__WHAT THE TASK ASKS__.
Please take the lines from the one holding "Подготовим небольшое количество" through the one holding "Women's Long-Sleeved Capilene®" in the data below and copy them exactly.

__DATA FOR THIS TASK__.

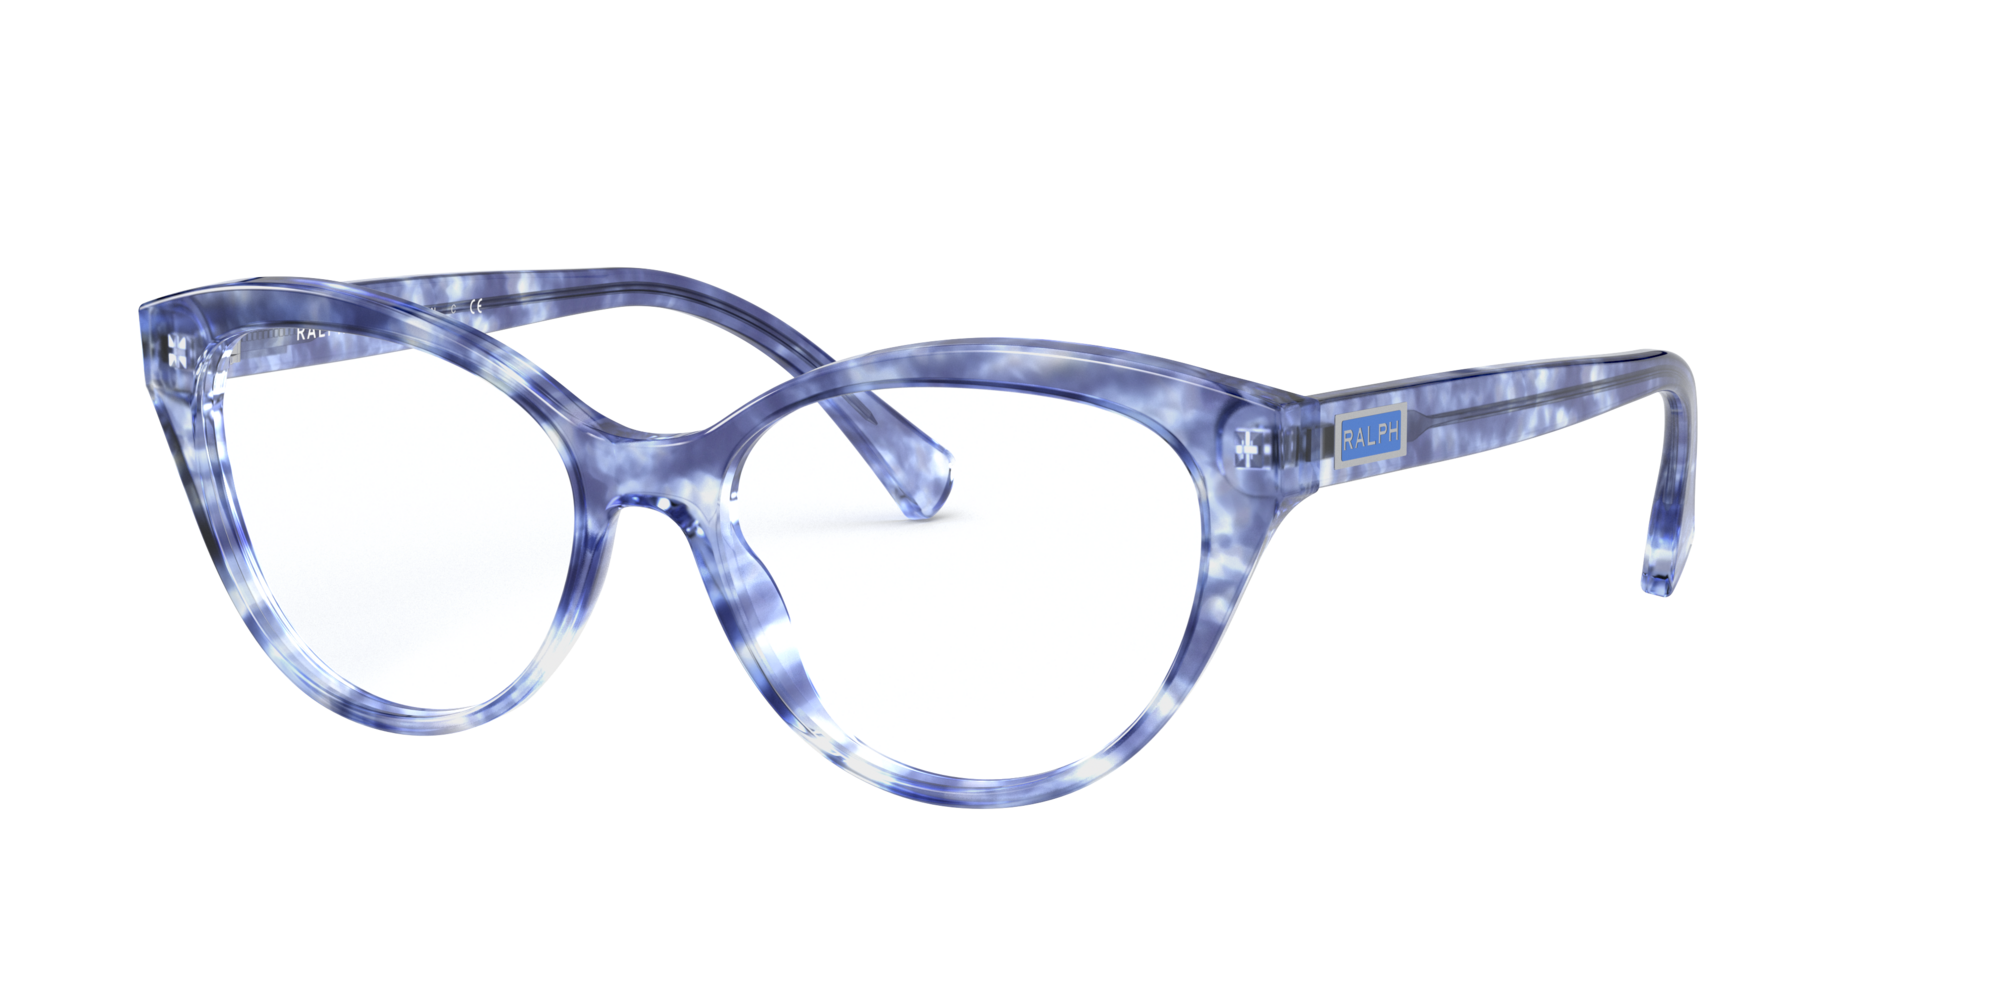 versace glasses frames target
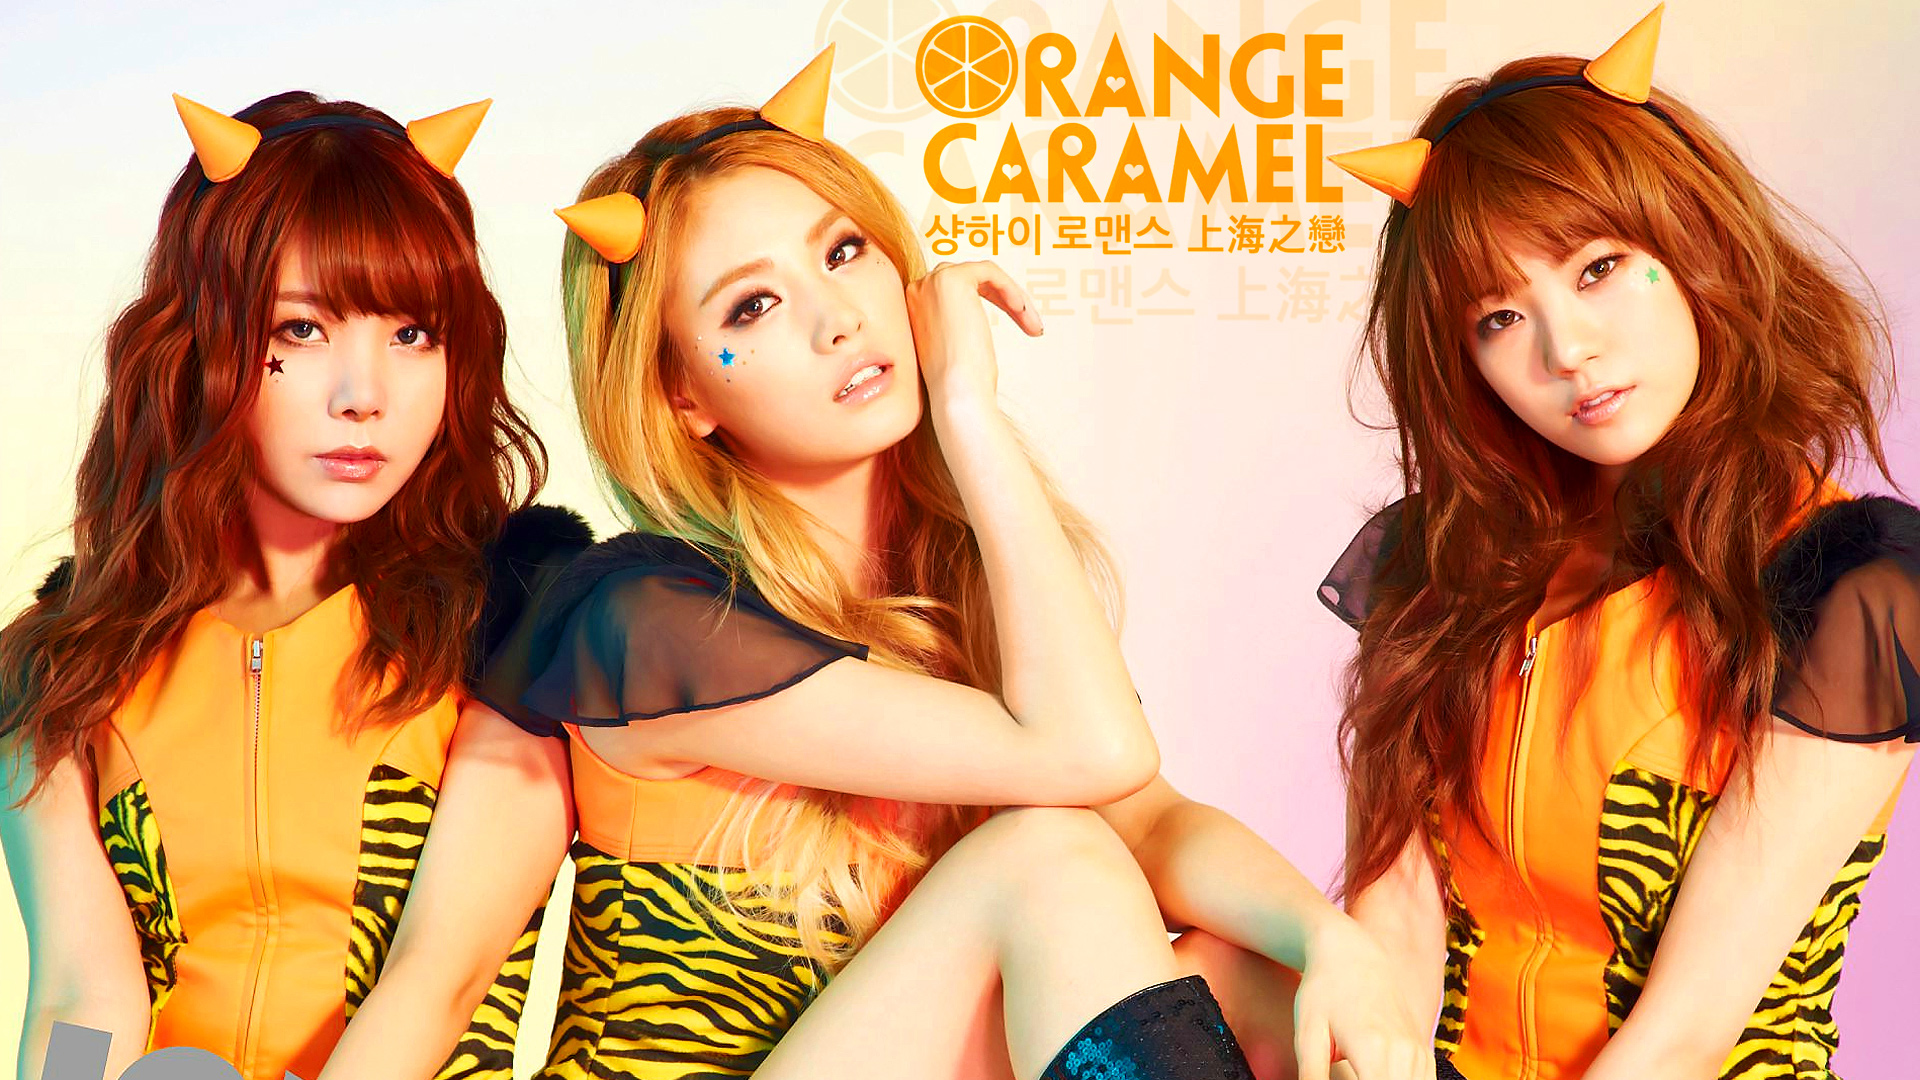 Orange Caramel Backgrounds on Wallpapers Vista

---

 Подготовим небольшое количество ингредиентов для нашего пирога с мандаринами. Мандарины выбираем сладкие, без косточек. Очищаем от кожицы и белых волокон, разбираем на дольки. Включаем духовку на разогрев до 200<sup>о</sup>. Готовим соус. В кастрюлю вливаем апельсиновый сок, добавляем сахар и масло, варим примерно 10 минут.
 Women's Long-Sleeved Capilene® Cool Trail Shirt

---

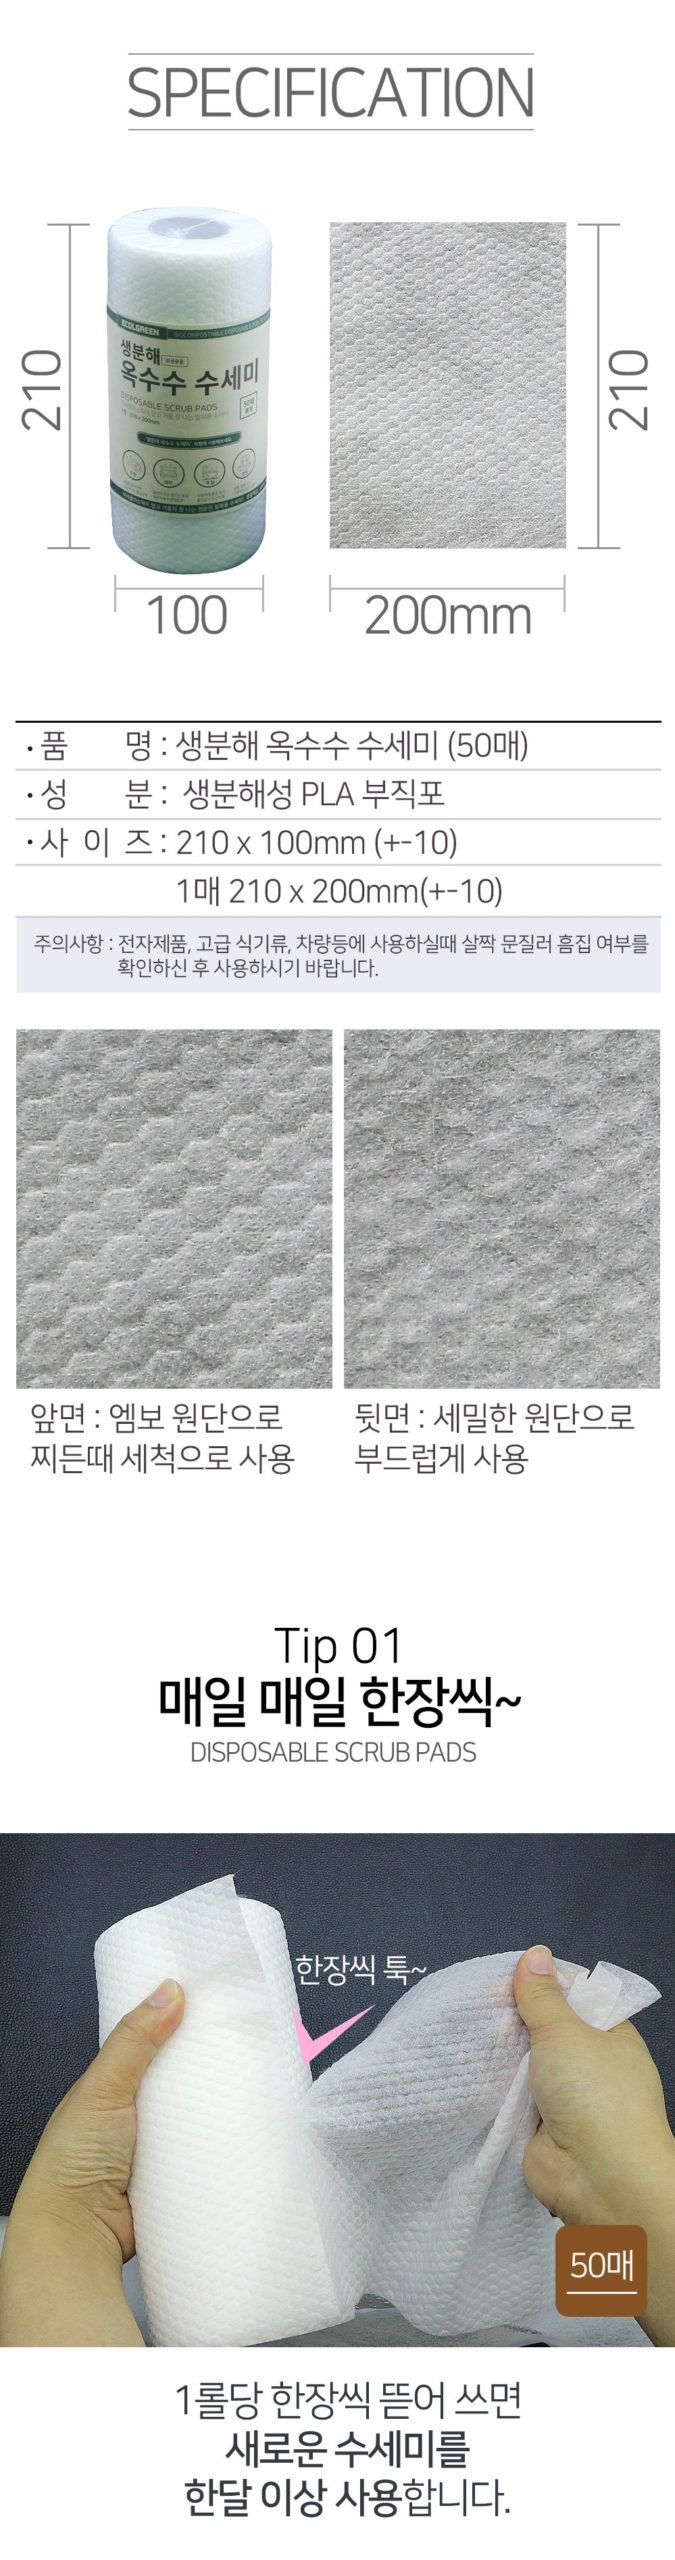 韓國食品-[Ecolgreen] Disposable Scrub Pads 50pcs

__SOLUTION TO THIS EXERCISE__.
 Подготовим небольшое количество ингредиентов для нашего пирога с мандаринами. Мандарины выбираем сладкие, без косточек. Очищаем от кожицы и белых волокон, разбираем на дольки. Включаем духовку на разогрев до 200<sup>о</sup>. Готовим соус. В кастрюлю вливаем апельсиновый сок, добавляем сахар и масло, варим примерно 10 минут.
 Women's Long-Sleeved Capilene® Cool Trail Shirt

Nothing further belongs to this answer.